On 2017-03-07 21:48:23 -0500, Robert Haas wrote:
> On Sun, Mar 5, 2017 at 7:13 PM, Andreas Karlsson <andreas@proxel.se> wrote:
> > And I would argue that his feature is useful for quite many, based on my
> > experience running a semi-large database. Index bloat happens and without
> > REINDEX CONCURRENTLY it can be really annoying to solve, especially for
> > primary keys. Certainly more people have problems with index bloat than the
> > number of people who store index oids in their database.
>
> Yeah, but that's not the only wart, I think.

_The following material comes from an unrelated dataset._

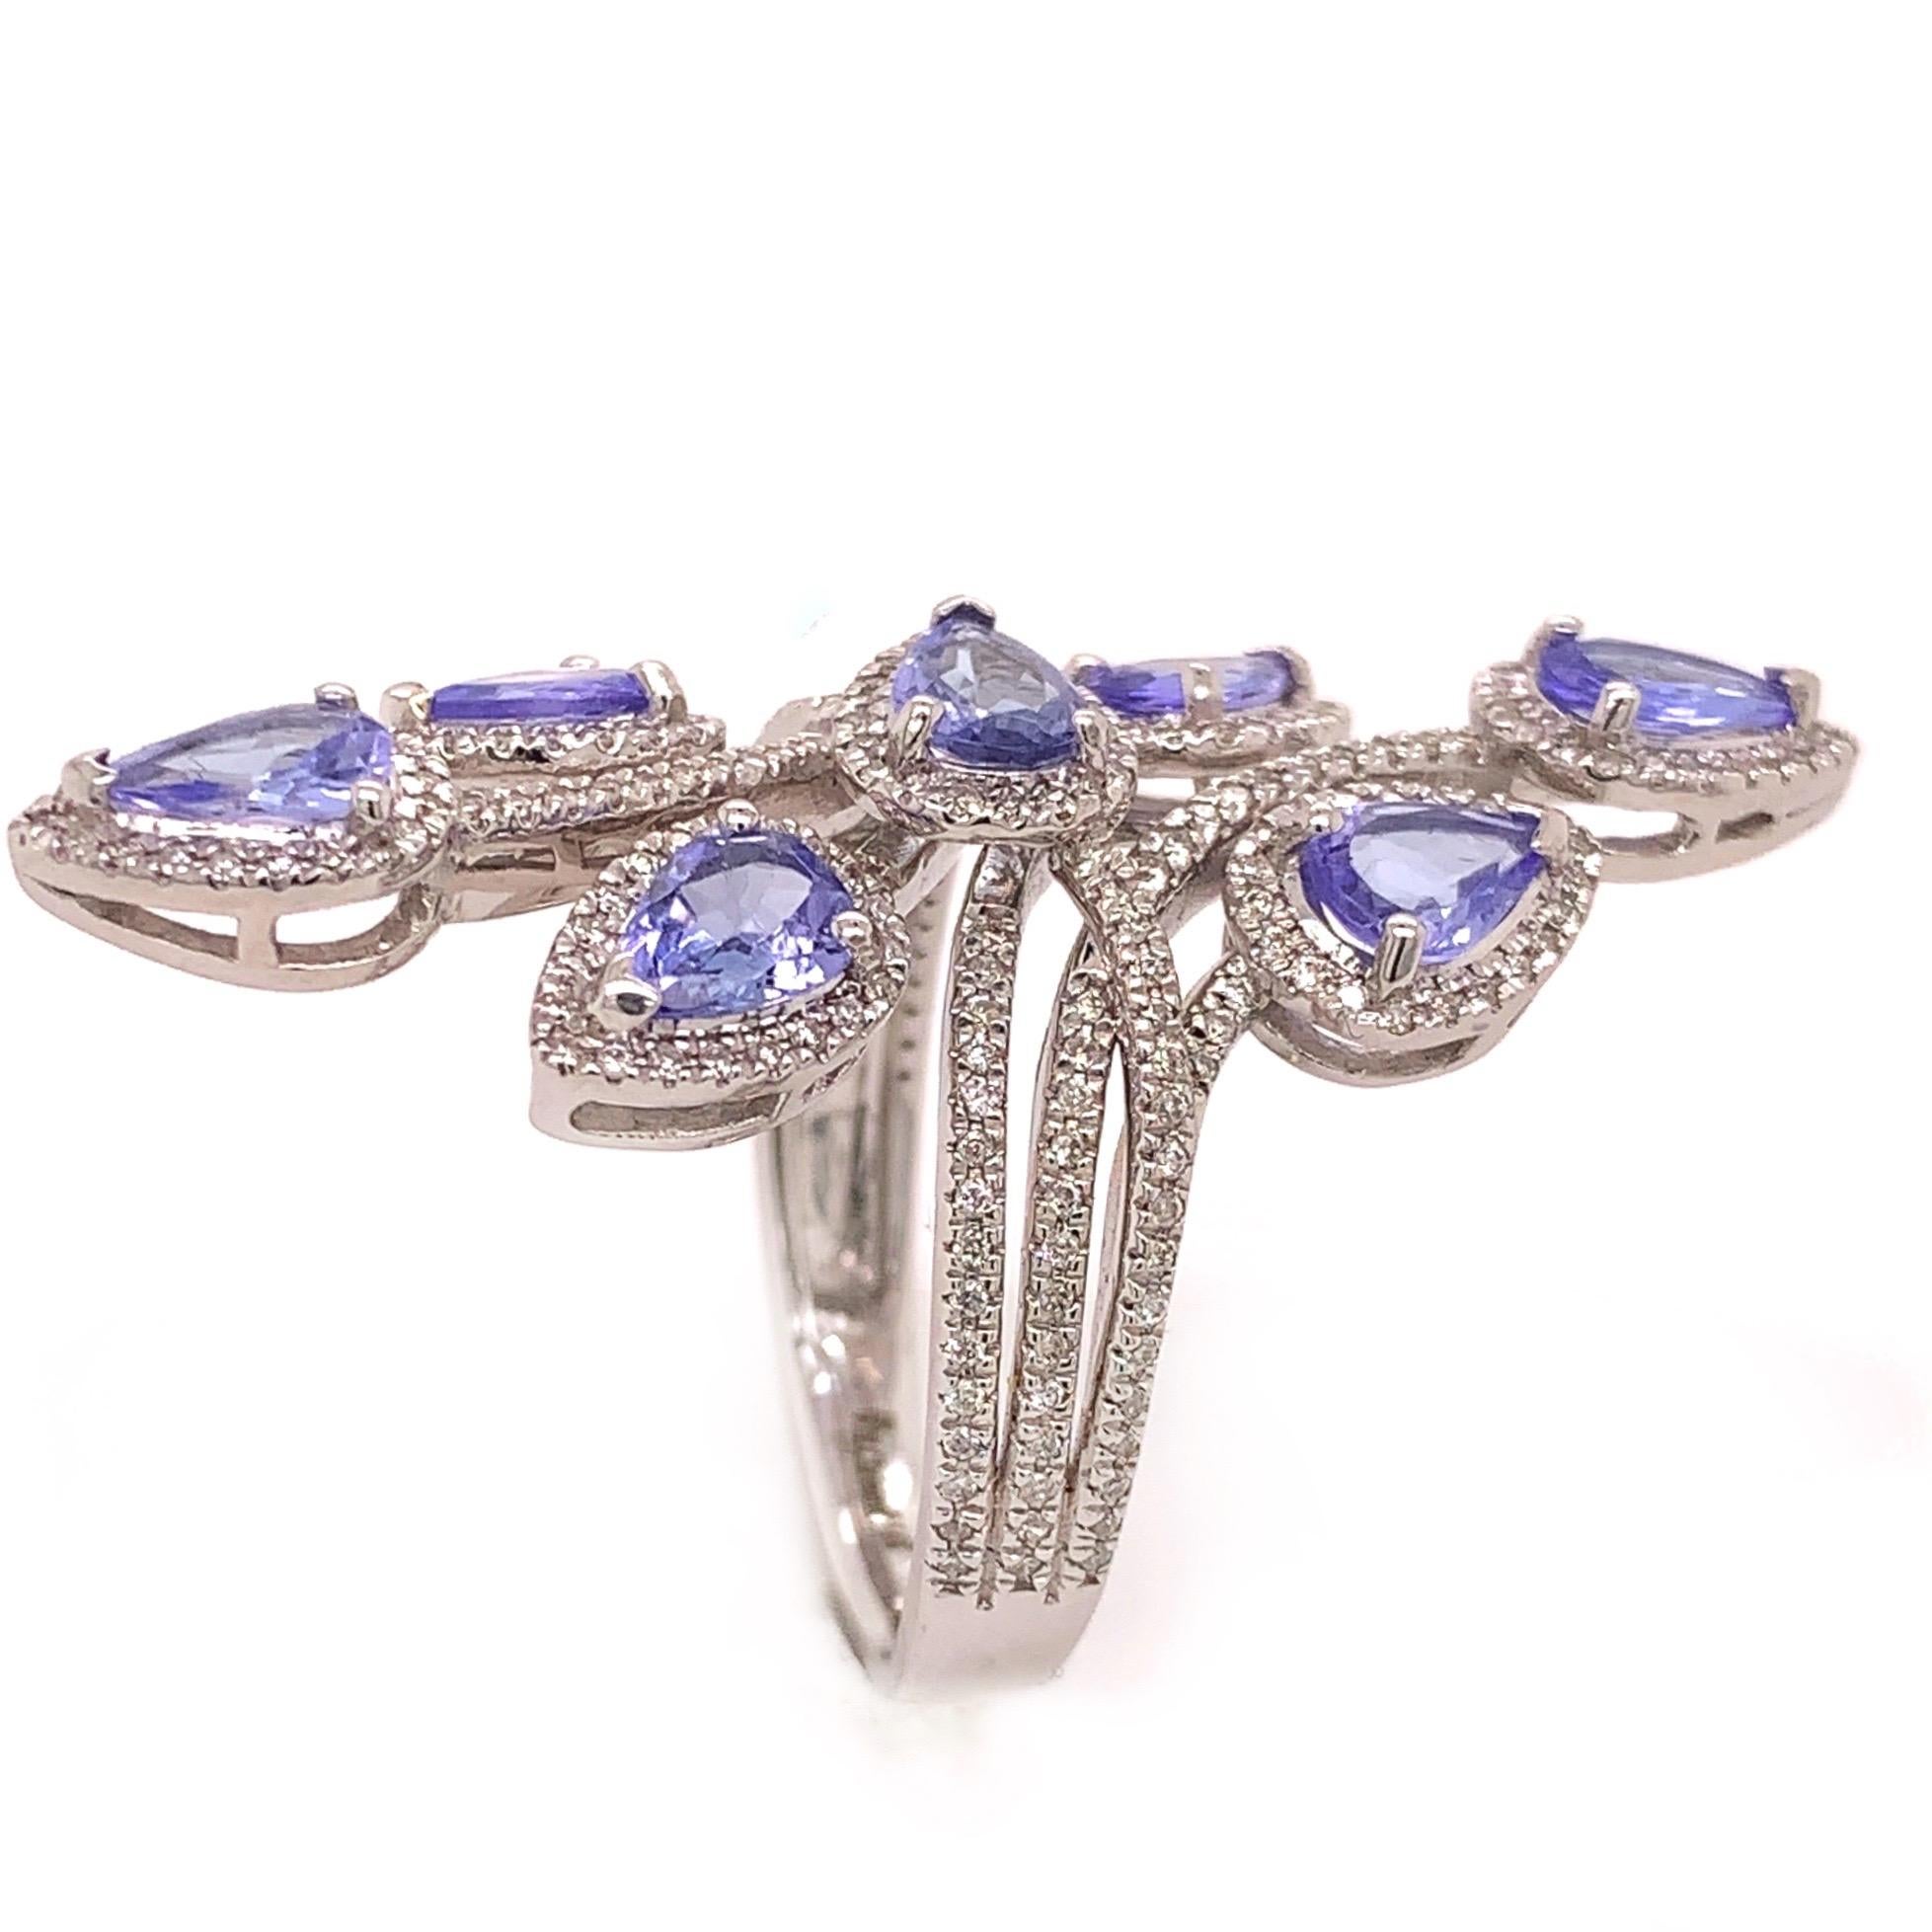 Glamorous tanzanite diamond cocktail ring. High brilliance, lively violet-purple, pear shape faceted natural 1.91 carats tanzanite mounted in open profile with bead prongs accented in round brilliant cut diamonds. Handcrafted cocktail ring set in

I don't really see any other warts that don't correspond to CREATE/DROP
INDEX CONCURRENTLY.
> For example, I believe (haven't looked at this patch series in a
> while) that the patch takes a lock and later escalates the lock level.
It shouldn't* - that was required precisely because we had to switch the
relfilenodes when the oid stayed the same. Otherwise in-progress index
lookups could end up using the wrong relfilenodes and/or switch in the
middle of a lookup.
* excepting the exclusive lock DROP INDEX CONCURRENTLY style dropping uses after marking the index as dead - but that
shouldn'tbe much of a concern?
> Also, if by any chance you think (or use any software that thinks)
> that OIDs for system objects are a stable identifier, this will be the
> first case where that ceases to be true.
Can you come up with an halfway realistic scenario why an index oid, not
a table, constraint, sequence oid, would be relied upon?
> If the system is shut down or crashes or the session is killed, you'll
> be left with stray objects with names that you've never typed into the
> system.
Given how relatively few complaints we have about CIC's possibility of
ending up with invalid indexes - not that there are none - and it's
widespread usage, I'm not too concerned about this.